The Generosity of Voids 

In construction, when working out the size of a structure, calculations are made to determine the absolute minimum amount of material necessary to support the vertical load distribution. The resulting structures are described as isostatic.

Hypostatic structures are impossible to realize, because they would collapse. Minor hyperstaticity is sometimes allowed, but total hyperstaticity calls for more materials and so incurs waste and additional costs. However, by constructing buildings that are hyperstatic to high degrees, structures become intrinsically robust allowing them to absorb hazards and so lose one, two, or even three systems and still perform their initial function.

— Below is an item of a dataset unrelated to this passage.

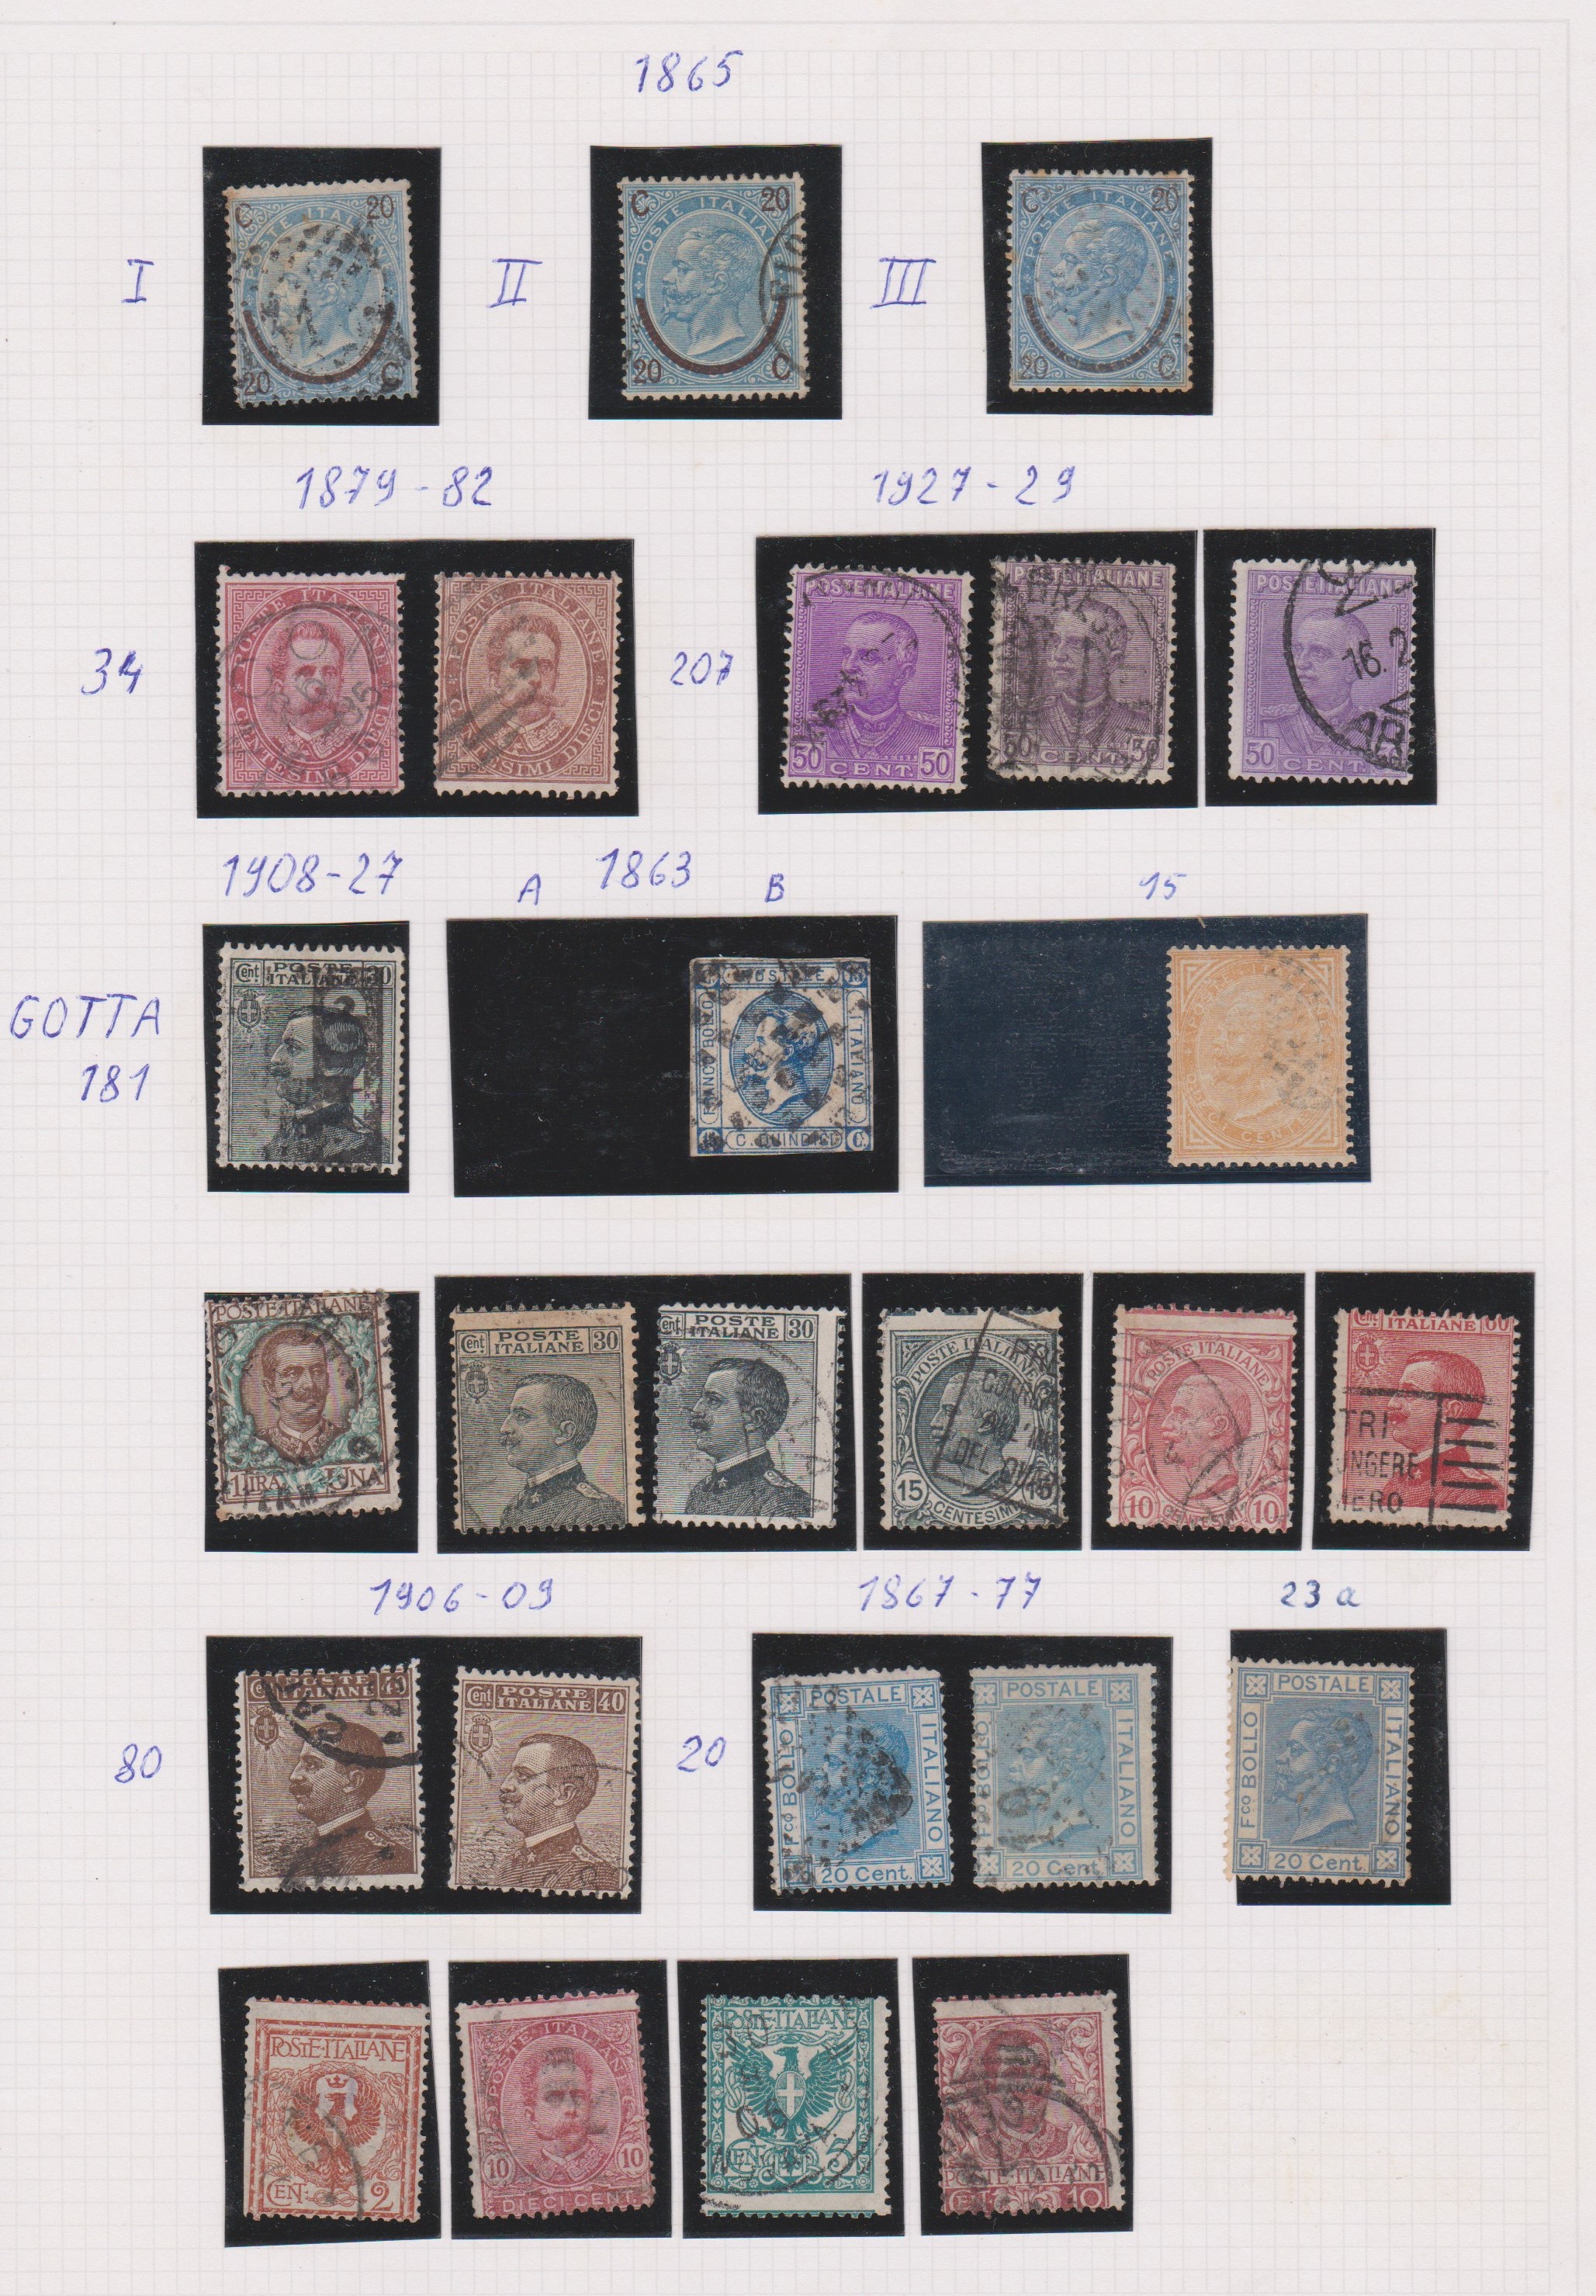 Italy 1863-1956-Selection of 219 used and m/m definitives and commemoratives on (9) pages, some nice

Take a chair for example. Isostatic chairs have three legs. The legs must be carefully arranged so that a person can sit without tipping, while it would be very difficult to maintain one’s balance on a chair supported by two legs, which would make it hypostatic. A four-legged chair exhibits hyperstaticity of degree one. We can imagine making chairs with five, six, or even seven legs. The advantage of a chair with seven legs is that if one of them breaks, it still behaves like a chair, and even with two broken legs, it would continue to fulfill its function.

From this we can take that the more a structure is hyperstatic, the more it has the capacity to absorb hazards and resist incidents. Breaking one leg of a seven-legged chair would have no serious consequences, would not cause damage to its structure, and would not cause the user to fall.

Generous voids and generous filled spaces, which in today’s age of sobriety we would call waste, therefore fundamentally question the building of a city in terms of the capacity of an urban area to provide services today but also tomorrow, with a degree of resilience that would allow it to absorb the hazards of an uncertain future.